Finance | Jeremy Swain | 12 Aug 2009

Funerals of homeless people are frequently harrowing.  I have attended too many: around three a year for the last 29 years. There is the gnawing anxiety about the size of the congregation.  Will there be enough people in attendance to give them a decent send off?  My worst funeral was Ken Hobart’s.  When I arrived at the crematorium it quickly became apparent that I would be the only one to pay him last respects. Ken had fought with the British army during the Second World War in the Far East. It was highly likely that some of his comrades were still alive but it seems that for years before his death he was long gone and forgotten.

Unlike many homeless people he had no inclination to talk about the war, at least not to me.  He was an affable man who had drifted into rough sleeping via Salvation Army hostels and boarding houses in the 1960s and 1970s.  At least at the time of his death in 1994 we had managed to find Ken a small bedsit where, with a degree of comfort, he had lived out his last seven years. But to depart this mortal coil with only a care worker to wave you off is sickening and somehow I took this unacceptable departure as a personal failure.

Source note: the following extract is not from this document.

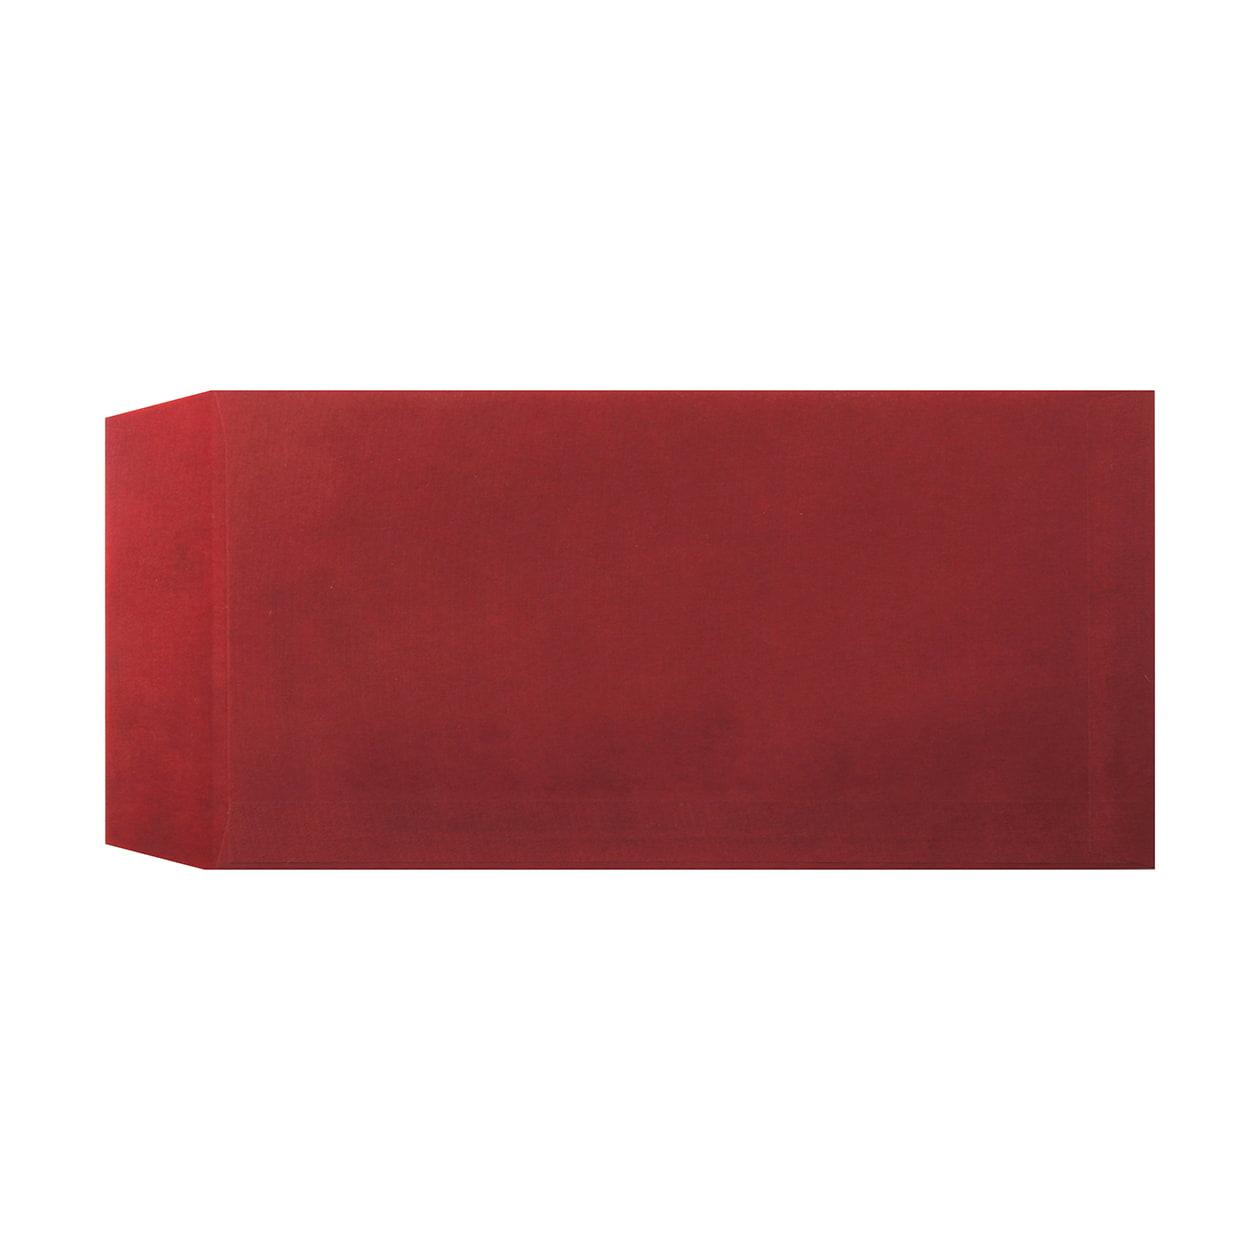 サンプル 封筒・袋 00143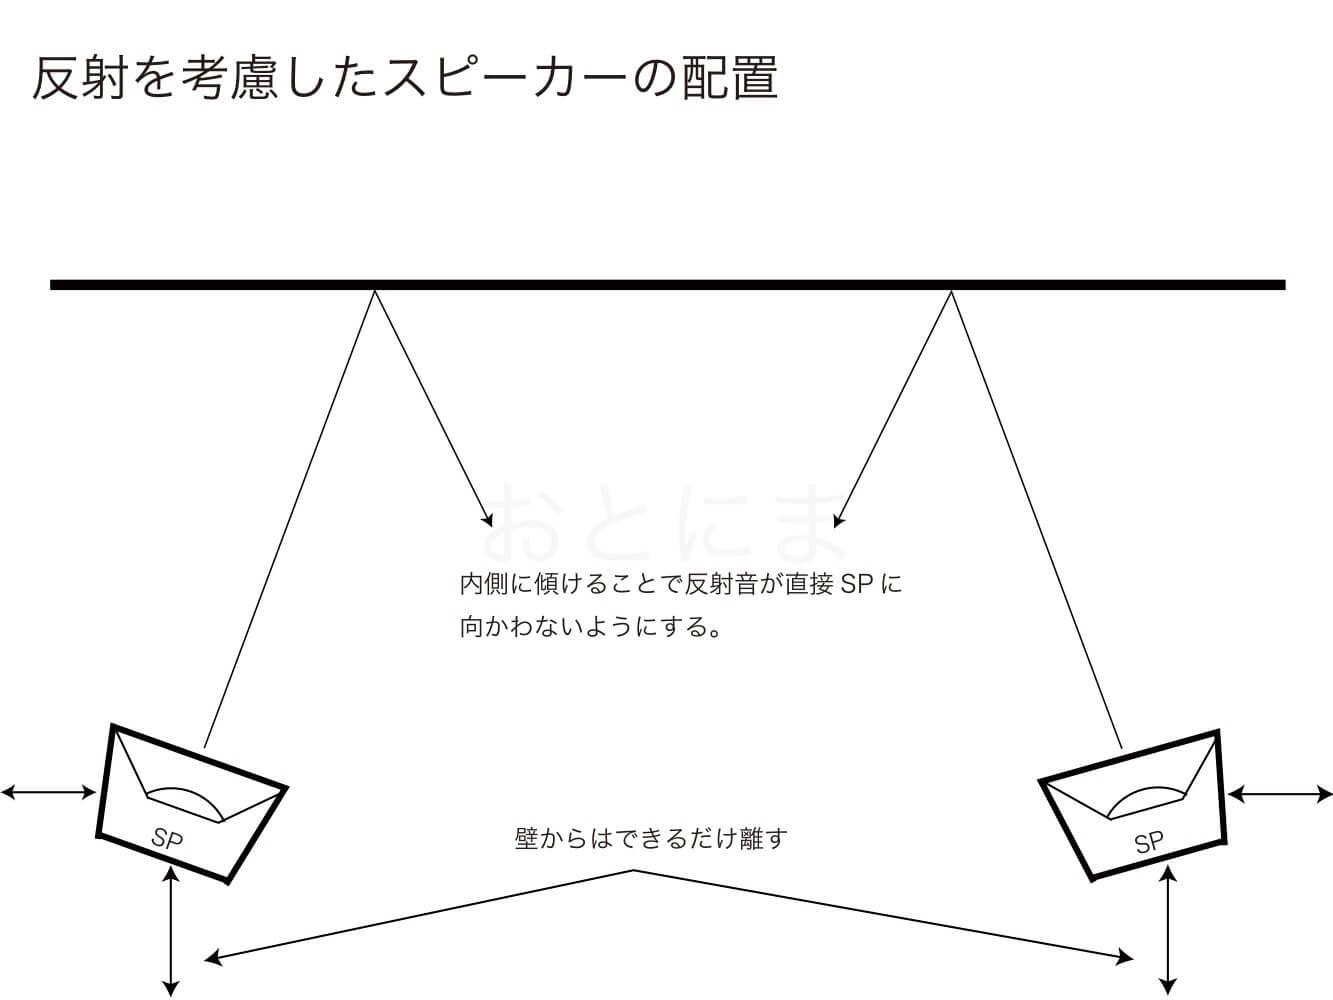 スピーカーの配置方法

Stephen Glanville’s funeral two week’s ago was a different affair altogether, but still one that brought its stresses. Stephen had died a month before but his body lay un-cremated while the authorities sought to trace his two sisters who were known to be still alive. I avoid using the term ‘next of kin’ because Stephen was adamant that his Thames Reach support worker Jane was his next of kin. Somewhere back in the recesses of time Stephen had undergone a massive rupture with his family and had been consistent in wanting nothing more to do with them.  The sisters were traced.  The silence was deafening. Whatever had gone before was not now about to be laid to rest by death. 

So we gathered on a warm June morning at West Norwood Crematorium, a gaggle of apprehensive friends whispering nervously, eager to get on with it. A thoughtful, compassionate Minister spoke to us in advance to find out about the strange and turbulent life of Stephen. He wanted to keep the service simply with a few words said by a close friend rather than the full funeral paraphernalia.  And so it was – and we were grateful.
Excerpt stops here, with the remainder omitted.